Low-count whole-body PET denoising with deep learning in a multicenter, multi-tracer and externally validated study

Low-count whole-body PET denoising with deep learning in a multicenter, multi-tracer and externally validated study ■

Justine Maes, Charles Carron, Simon DeKeyser, Tomas Brants, Vicky De Ridder, Amine Chaouki, Camille Steenhout, Stefaan Vandenberghe, Yves D'Asseler, Laurens Raes, Azzam Abdalla Ibrahim, Gerard Moulin-Romsee, Isaac Kargar Samani, Ludovic D'hulst, Sezgin Ustmert, Maarten Larmuseau

Abstract ■

BACKGROUND: Positron Emission Tomography (PET) is a powerful diagnostic tool, but its availability, high cost and radiation burden limit its accessibility. Deep learning-based denoising offers a potential solution by enabling low-count PET scans, reducing tracer dose or scan time without compromising diagnostic utility. However, clinical validation of such approaches across different scanner technologies and radiotracers remains limited.METHODS: We conducted a multicenter, blinded evaluation of NUCLARITY, a deep learning-based denoising software, using PET data from three European hospitals. Data included 65 scans acquired with [1⁸F]FDG, [1⁸F]PSMA, [68 Ga]PSMA, and [68 Ga]DOTATATE on GE and Siemens systems not seen during model training. Low-count scans (50\% simulated) were denoised and compared to full-count clinical scans. Image quality was assessed using RMSE, PSNR, and SSIM. Six nuclear physicians evaluated diagnostic image quality (DIQ), diagnostic confidence (DC), and lesion detection across six anatomical regions. Lesion quantification was compared using SUVmean, SUVmax, and MTV.RESULTS: Low-count enhanced (LCE) scans showed improved quantitative image quality metrics compared to unenhanced low-count scans (higher PSNR/SSIM, lower RMSE).
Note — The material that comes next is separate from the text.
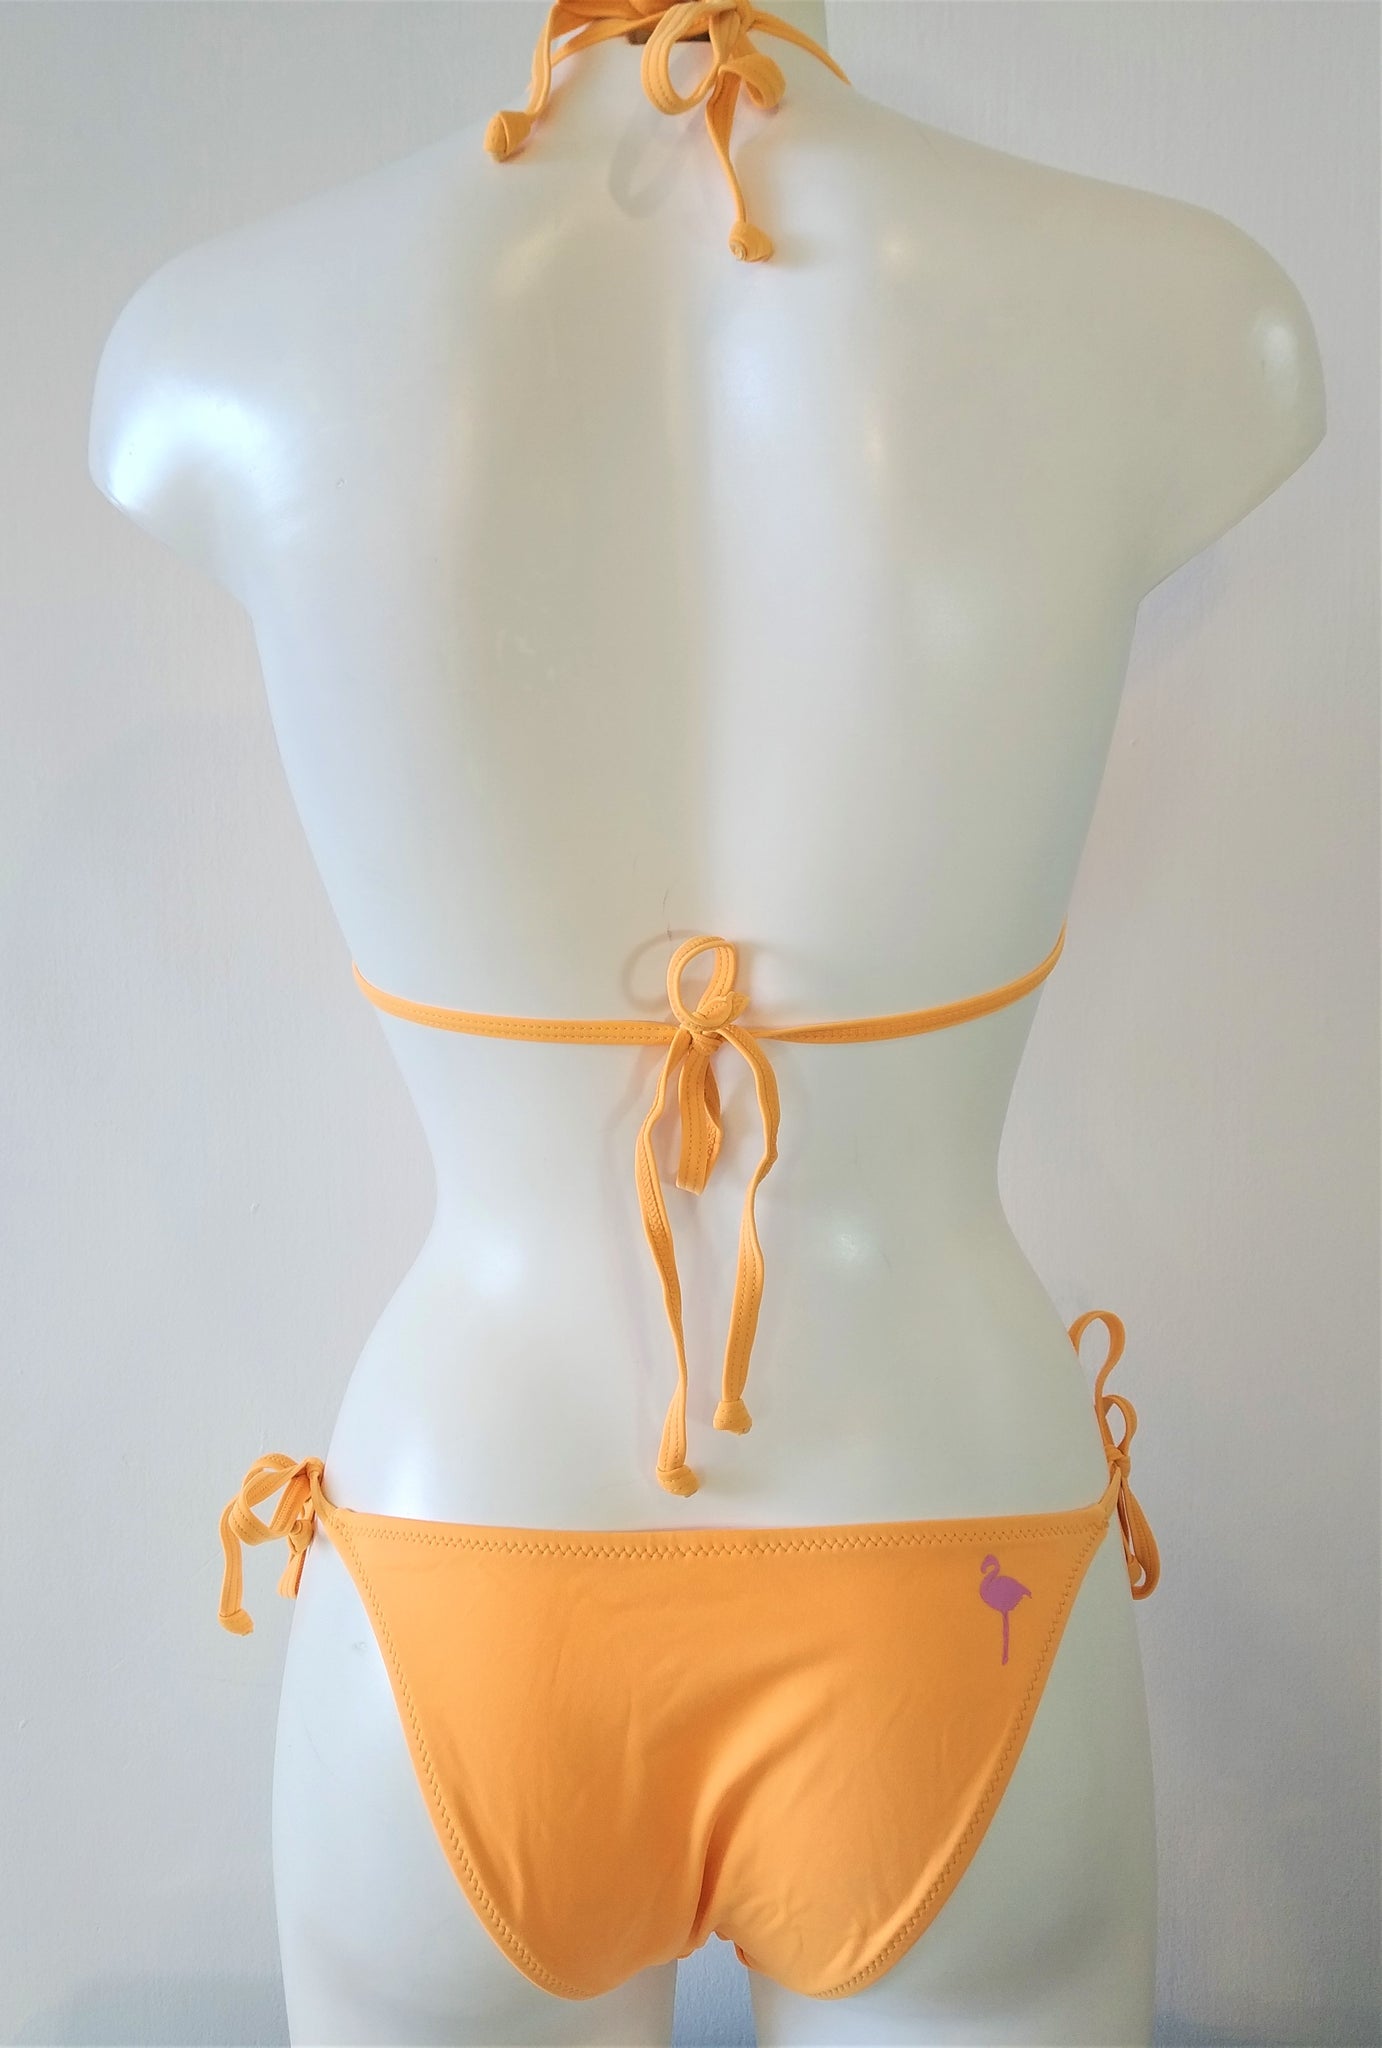 bikinn-triangular bikini bra triangle top swimsuit,maillot de bain triangle,traje de baño triangular

Across 243 lesions, SUVmean and SUVmax showed high concordance between standard-count (SC) and LCE scans (CCC = 1.00 and 0.99, respectively). Diagnostic image quality and confidence were slightly lower on LCE versus SC scans, but only one reader indicated a clear preference for SC. Sensitivity and specificity for lesion detection in LCE scans were 99\% and 99\%, respectively, with interscan agreement exceeding inter-reader variability.CONCLUSIONS: This is the first blinded, multicenter reader study evaluating a PET denoising algorithm in a European clinical setting across multiple tracers, incorporating unseen scanner technologies. The denoising algorithm demonstrated robust generalizability and preserved diagnostic accuracy on 50\% count data. These findings support the clinical adoption of deep learning-based PET denoising to reduce dose or scan time for four commonly used tracers.